Una larga distancia: 2.265 Kilómetros
La elección recayó sobre un chino, un español y un paraguayo. Pero además, el día que seleccionó al trío, se escapó un criado nativo de Angola que no se molestaron en recuperar. Como dijo Bartolomé Mitre, al narrar este episodio, representantes de cuatro continentes quedaron en aquel inhóspito lugar, a 2.265 kilómetros de Buenos Aires. Los tres empleados que designó el capitán fueron José Gombó (el chino), Santiago Blanco (el español) e Hilario Tapary (el paraguayo). A la dotación se agregaron dos perros cuzcos, cuyos nombres -si los tuvieron- no han sido guardados para la posteridad.
Partió el barco el 14 de marzo. Luego de dos semanas, el español Blanco, atacado de una crisis por el acecho de doscientos nativos cuya sociabilidad estaba en duda, huyó de la casucha, abandonando a los compañeros y los perros. Los patagones saquearon el lugar. Se llevaron la ropa, la comida, las armas, el tabaco, la yerba y destruyeron los barriles de agua y tocino, sólo para quedarse con los hierros. El chino y el paraguayo quedaron petrificados. En medio del saqueo, los nativos abrazaban a ambos como si fueran amigos. Una vez que los desvalijaron, partieron sin dañarlos.
El temor de ser atacados no los dejaba dormir. No hacía falta pensarlo un minuto más. Esa noche, perros y humanos iniciaron su fuga al norte, dispuestos a caminar los 2.265 kilómetros hasta Buenos Aires, si hacía falta.
Bordeando la orilla del mar, Hilario, el chino Gombó y los dos canes, se encontraron con el problema de la falta de agua dulce, la única que podían beber. Debían hacer pozos profundos para hallar agua con menos salitre y mojarse los labios, al menos. Pero el chino, muerto de sed, ingería muy pequeños sorbos de agua salada y al poco tiempo tuvo el estómago tan duro, que se tendió en el piso y no quiso dar un paso más. Hilario trató de convencerlo de que se pusiera de pie, pero fue inútil. Pasó dos días buscándole agua e intentando reanimarlo, hasta que lo abrazó, lloró con él, y lo abandonó.
Hilario y los perros
Continuó la marcha con los cuzcos, alejándose un poco de la costa. Divisó unos guanacos en una pequeña laguna y corrió hacia ellos. Los guanacos se le escaparon y la laguna estaba seca, pero al menos pudo mojar sus labios en el barro húmedo y sintió un fuerte alivio.
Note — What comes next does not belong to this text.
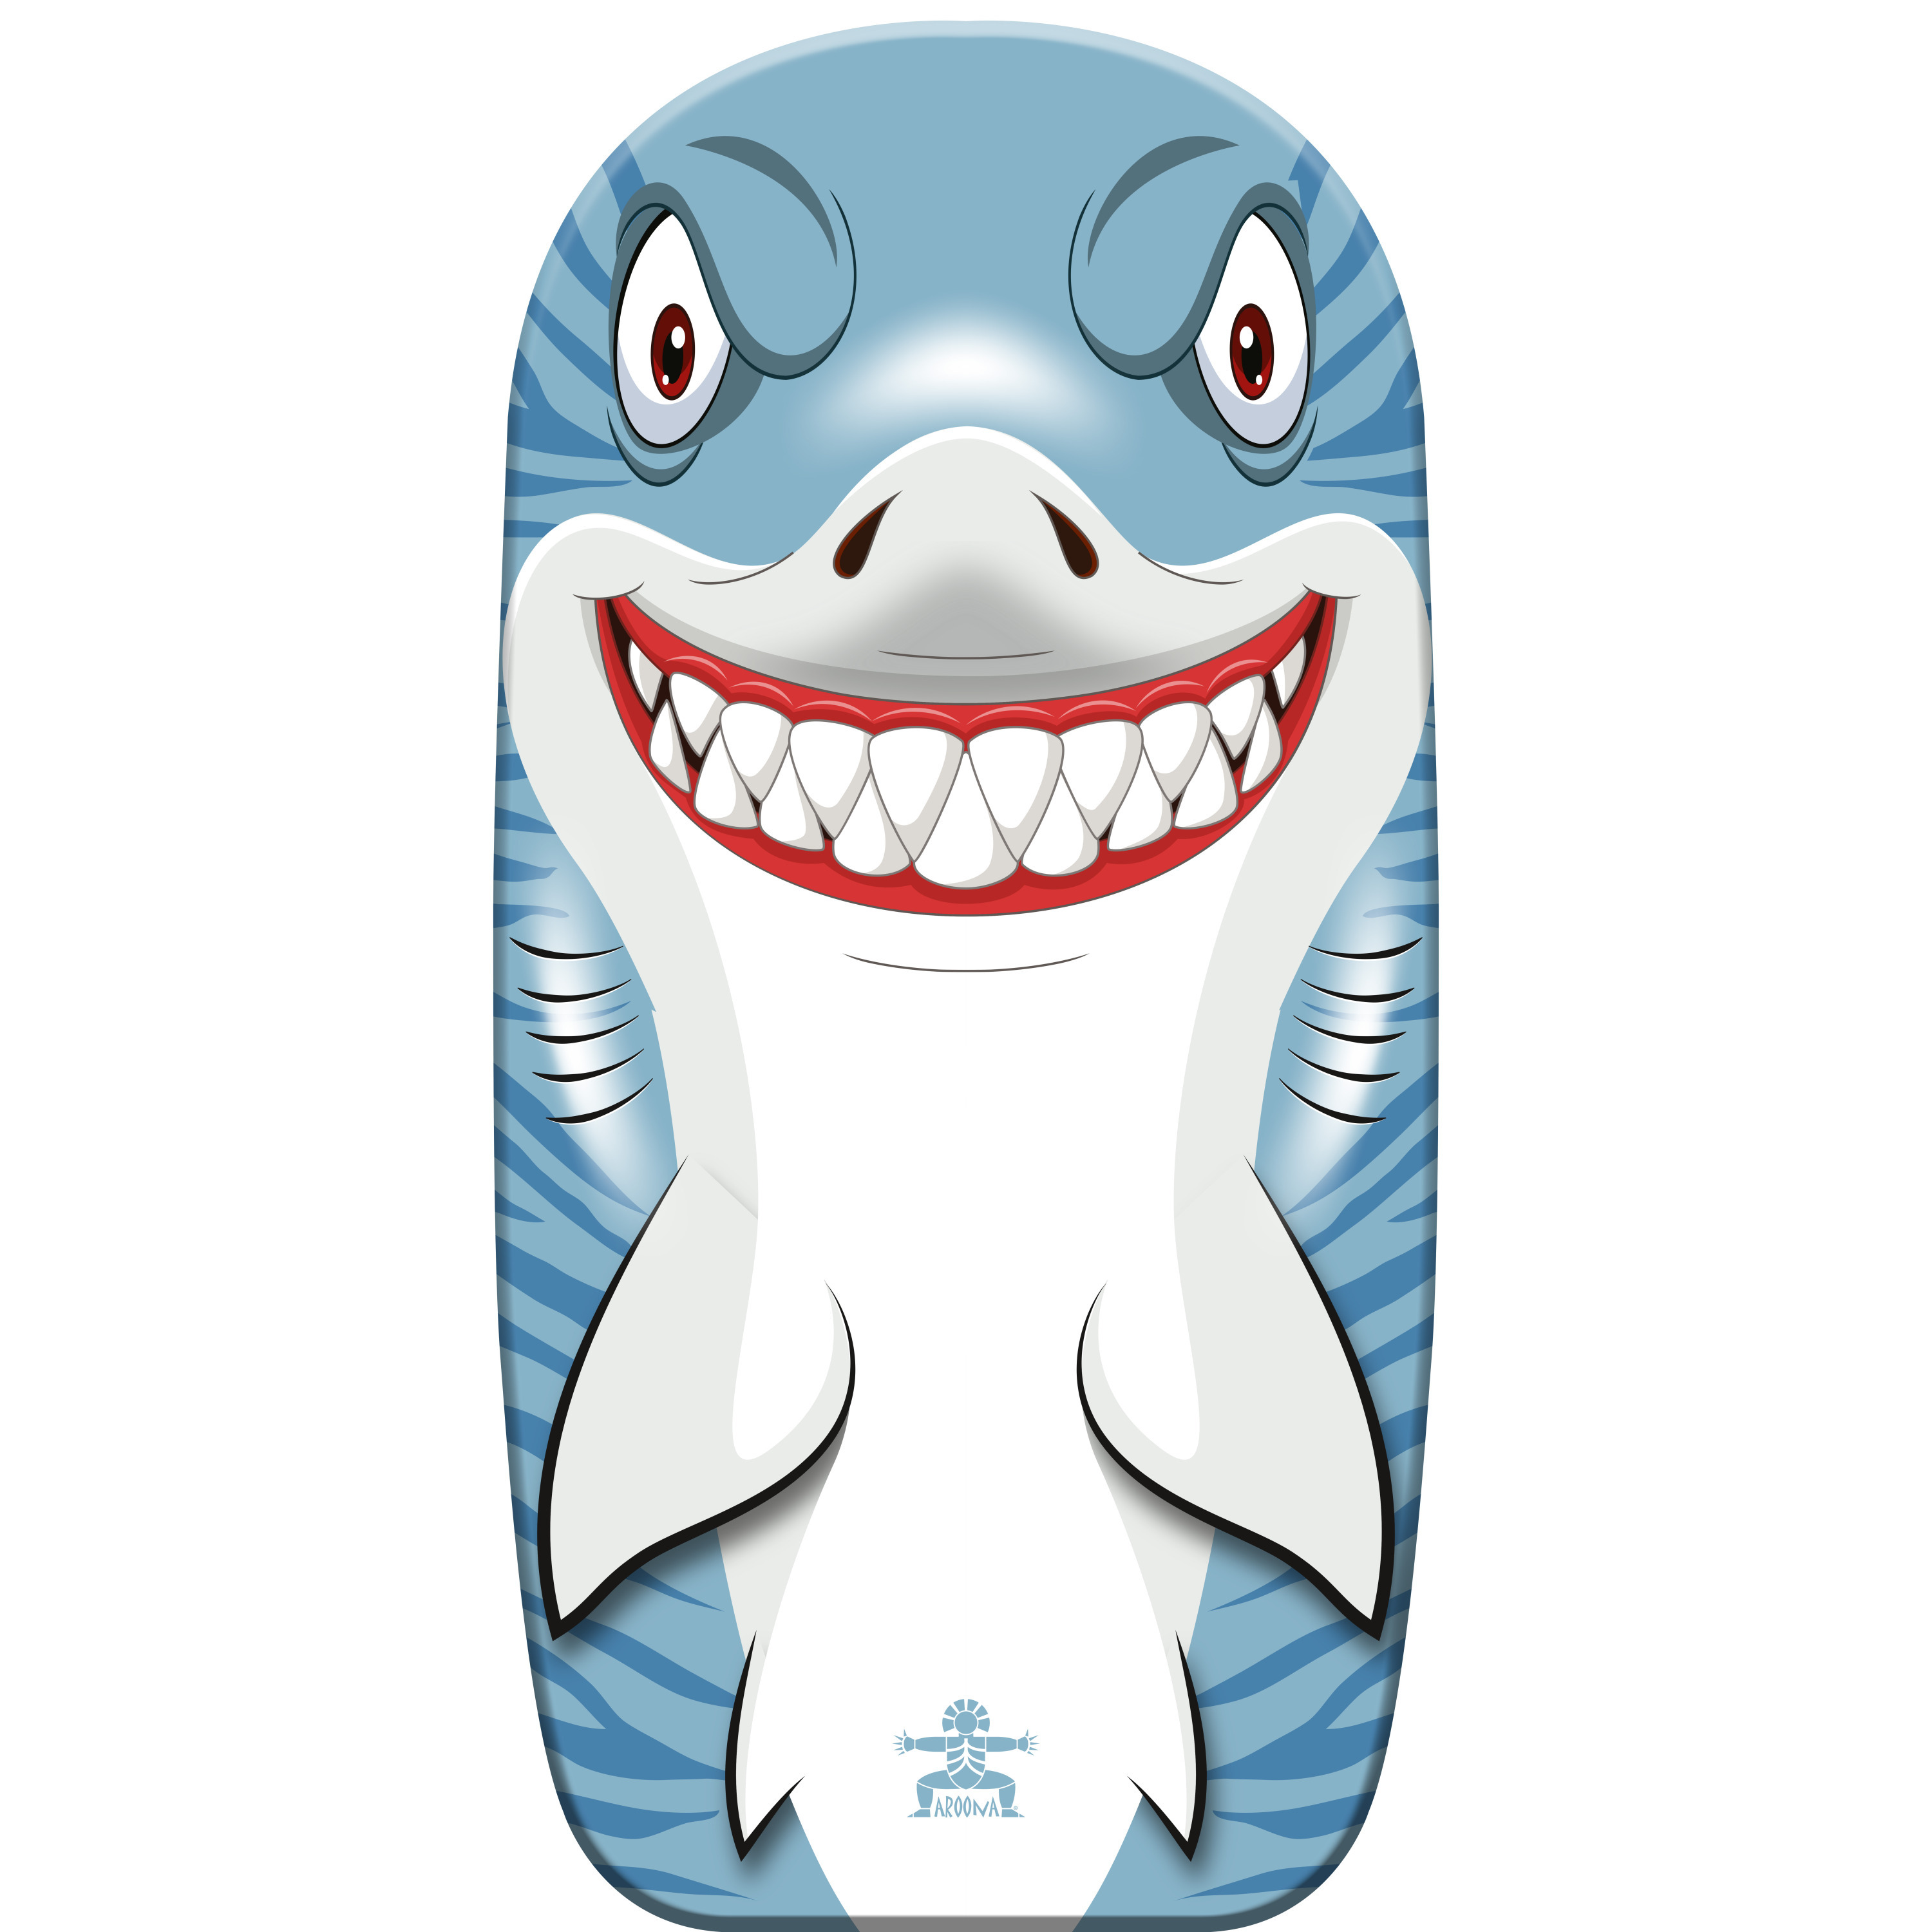 Bodyboard haai kunststof lichtblauw-wit 82 x 46 cm

La próxima novedad del derrotero fue cuando avistó un grupo de lobos marinos en la orilla del mar. Se acercó sigiloso y se trabó en lucha con uno, armado de un palo. Lo mató a golpes. Él y los perros se tomaron toda la sangre del lobo marino y, una vez que saciaron la sed, comieron. Hilario conservó un trozo de la piel del animal que podría usar como cantimplora si alguna vez se encontraba con agua en cantidad. Dos días después del banquete halló un manantial y pasó la noche más feliz de todas las que le habían tocado.
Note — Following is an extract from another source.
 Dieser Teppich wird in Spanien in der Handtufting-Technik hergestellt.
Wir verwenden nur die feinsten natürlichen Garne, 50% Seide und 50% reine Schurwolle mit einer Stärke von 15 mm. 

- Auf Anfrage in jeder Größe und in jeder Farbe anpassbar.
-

Hilario y los perros ya habían desarrollado una estrategia: zigzagueando, pasaban a la costa en busca de lobos marinos y se internaban en el terreno para encontrar manantiales. El sistema no era del todo efectivo, pero lo poco que logró, bastó para salvarles la vida en ese tramo. Hasta que llegó uno de los momentos más penosos de la odisea. El perrito preferido de Hilario divisó una bandada de ñandúes y se lanzó a cazarlos. Como era de esperar, las aves y el perro desaparecieron en el horizonte para nunca volver. Lloró la pérdida de su compañero. Al pichicho, según consta en el relato que hizo el propio Hilario, "lo contemplaba como un compañero", ya que con él, "remediaba algunas de mis necesidades".
Pasaron semanas de hambre, desfallecimientos y odiosa rutina. Los lobos marinos ya no aparecían. Una tarde se topó con un riachuelo en donde se tomó unas mini vacaciones de un par de días, con agua dulce infinita. Para cruzarlo, necesitó proveerse de algunas ramas secas de sauce: Hilario no sabía nadar.
Mientras tanto, el San Martín de Basavilbaso había regresado a San Julián, donde esperaban encontrar hombres que habían dejado. Fue entonces que se enteraron, por relatos de nativos, que habían huido.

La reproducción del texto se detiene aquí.